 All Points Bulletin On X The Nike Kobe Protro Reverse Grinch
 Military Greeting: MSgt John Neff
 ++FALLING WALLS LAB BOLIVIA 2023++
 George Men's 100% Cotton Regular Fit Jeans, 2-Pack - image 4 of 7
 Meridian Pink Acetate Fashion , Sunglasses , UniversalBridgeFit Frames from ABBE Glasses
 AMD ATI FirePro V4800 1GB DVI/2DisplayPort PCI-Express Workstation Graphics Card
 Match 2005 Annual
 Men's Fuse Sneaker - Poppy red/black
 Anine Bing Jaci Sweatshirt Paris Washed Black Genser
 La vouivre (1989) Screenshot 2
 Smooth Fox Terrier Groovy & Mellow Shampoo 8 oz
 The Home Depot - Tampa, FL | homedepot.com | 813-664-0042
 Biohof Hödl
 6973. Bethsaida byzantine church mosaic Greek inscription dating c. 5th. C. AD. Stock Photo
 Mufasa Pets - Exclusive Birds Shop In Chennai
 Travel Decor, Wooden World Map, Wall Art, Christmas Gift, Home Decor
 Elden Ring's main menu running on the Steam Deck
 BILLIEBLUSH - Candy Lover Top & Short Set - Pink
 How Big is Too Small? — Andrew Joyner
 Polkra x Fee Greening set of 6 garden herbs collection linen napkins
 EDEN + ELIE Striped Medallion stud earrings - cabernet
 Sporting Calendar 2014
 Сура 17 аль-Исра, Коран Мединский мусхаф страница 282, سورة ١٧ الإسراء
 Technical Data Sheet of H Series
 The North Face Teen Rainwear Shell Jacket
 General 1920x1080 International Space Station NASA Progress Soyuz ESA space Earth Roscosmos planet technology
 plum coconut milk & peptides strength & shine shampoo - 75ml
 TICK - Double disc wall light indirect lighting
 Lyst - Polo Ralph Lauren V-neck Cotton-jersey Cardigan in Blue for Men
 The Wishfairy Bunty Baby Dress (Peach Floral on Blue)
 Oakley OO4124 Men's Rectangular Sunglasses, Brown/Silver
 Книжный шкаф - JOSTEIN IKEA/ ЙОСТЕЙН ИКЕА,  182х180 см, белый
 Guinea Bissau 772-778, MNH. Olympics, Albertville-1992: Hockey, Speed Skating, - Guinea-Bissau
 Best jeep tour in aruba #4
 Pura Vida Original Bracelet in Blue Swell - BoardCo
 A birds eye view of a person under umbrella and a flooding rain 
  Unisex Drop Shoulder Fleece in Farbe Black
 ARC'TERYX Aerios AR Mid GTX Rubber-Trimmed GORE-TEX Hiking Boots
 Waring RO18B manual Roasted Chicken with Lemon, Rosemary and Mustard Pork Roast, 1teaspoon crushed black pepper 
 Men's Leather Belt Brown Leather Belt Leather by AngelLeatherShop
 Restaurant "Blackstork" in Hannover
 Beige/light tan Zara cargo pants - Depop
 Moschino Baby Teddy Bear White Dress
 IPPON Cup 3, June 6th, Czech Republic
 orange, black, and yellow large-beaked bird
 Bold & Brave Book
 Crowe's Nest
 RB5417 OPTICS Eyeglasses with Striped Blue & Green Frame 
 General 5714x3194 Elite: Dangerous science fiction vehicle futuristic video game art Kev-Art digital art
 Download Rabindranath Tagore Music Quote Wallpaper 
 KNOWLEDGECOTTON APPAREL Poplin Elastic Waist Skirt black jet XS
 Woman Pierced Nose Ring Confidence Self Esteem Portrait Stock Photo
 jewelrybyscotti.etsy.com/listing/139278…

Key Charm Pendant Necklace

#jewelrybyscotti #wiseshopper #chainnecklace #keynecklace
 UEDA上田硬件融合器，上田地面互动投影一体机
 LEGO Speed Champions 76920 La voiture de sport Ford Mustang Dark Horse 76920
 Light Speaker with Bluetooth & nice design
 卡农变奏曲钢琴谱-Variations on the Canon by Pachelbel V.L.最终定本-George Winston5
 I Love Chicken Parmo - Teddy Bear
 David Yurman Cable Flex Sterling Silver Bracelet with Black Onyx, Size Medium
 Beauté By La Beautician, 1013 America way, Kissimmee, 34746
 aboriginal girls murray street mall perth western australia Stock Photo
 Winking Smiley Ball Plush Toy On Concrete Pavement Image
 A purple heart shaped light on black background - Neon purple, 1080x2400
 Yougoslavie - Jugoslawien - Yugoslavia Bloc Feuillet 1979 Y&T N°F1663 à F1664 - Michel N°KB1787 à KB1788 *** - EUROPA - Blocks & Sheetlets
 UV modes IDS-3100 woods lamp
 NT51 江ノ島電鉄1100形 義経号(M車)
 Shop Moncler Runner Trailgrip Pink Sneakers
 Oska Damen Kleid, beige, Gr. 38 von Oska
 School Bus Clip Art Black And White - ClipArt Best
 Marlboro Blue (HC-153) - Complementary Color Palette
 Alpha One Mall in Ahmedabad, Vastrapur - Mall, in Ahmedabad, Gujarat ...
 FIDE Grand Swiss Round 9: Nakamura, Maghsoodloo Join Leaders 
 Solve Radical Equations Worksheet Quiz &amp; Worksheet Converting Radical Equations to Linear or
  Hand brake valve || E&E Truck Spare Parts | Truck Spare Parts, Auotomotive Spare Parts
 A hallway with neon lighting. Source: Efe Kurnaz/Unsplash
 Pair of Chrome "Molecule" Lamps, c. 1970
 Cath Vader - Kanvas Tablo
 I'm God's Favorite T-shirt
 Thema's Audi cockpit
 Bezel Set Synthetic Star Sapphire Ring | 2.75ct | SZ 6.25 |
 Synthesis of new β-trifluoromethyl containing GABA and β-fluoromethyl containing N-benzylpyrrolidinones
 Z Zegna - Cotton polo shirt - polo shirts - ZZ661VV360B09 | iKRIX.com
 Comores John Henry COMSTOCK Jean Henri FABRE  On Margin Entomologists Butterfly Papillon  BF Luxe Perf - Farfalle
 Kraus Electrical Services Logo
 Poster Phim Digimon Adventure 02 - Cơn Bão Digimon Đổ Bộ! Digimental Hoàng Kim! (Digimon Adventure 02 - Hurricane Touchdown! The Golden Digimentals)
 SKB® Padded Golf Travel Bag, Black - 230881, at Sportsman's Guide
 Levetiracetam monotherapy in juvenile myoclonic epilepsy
******************************
Reply with the lines from the first line of the entries through the line that contains "Match 2005 Annual", repeated exactly with both ends kept, and with nothing else.

 All Points Bulletin On X The Nike Kobe Protro Reverse Grinch
 Military Greeting: MSgt John Neff
 ++FALLING WALLS LAB BOLIVIA 2023++
 George Men's 100% Cotton Regular Fit Jeans, 2-Pack - image 4 of 7
 Meridian Pink Acetate Fashion , Sunglasses , UniversalBridgeFit Frames from ABBE Glasses
 AMD ATI FirePro V4800 1GB DVI/2DisplayPort PCI-Express Workstation Graphics Card
 Match 2005 Annual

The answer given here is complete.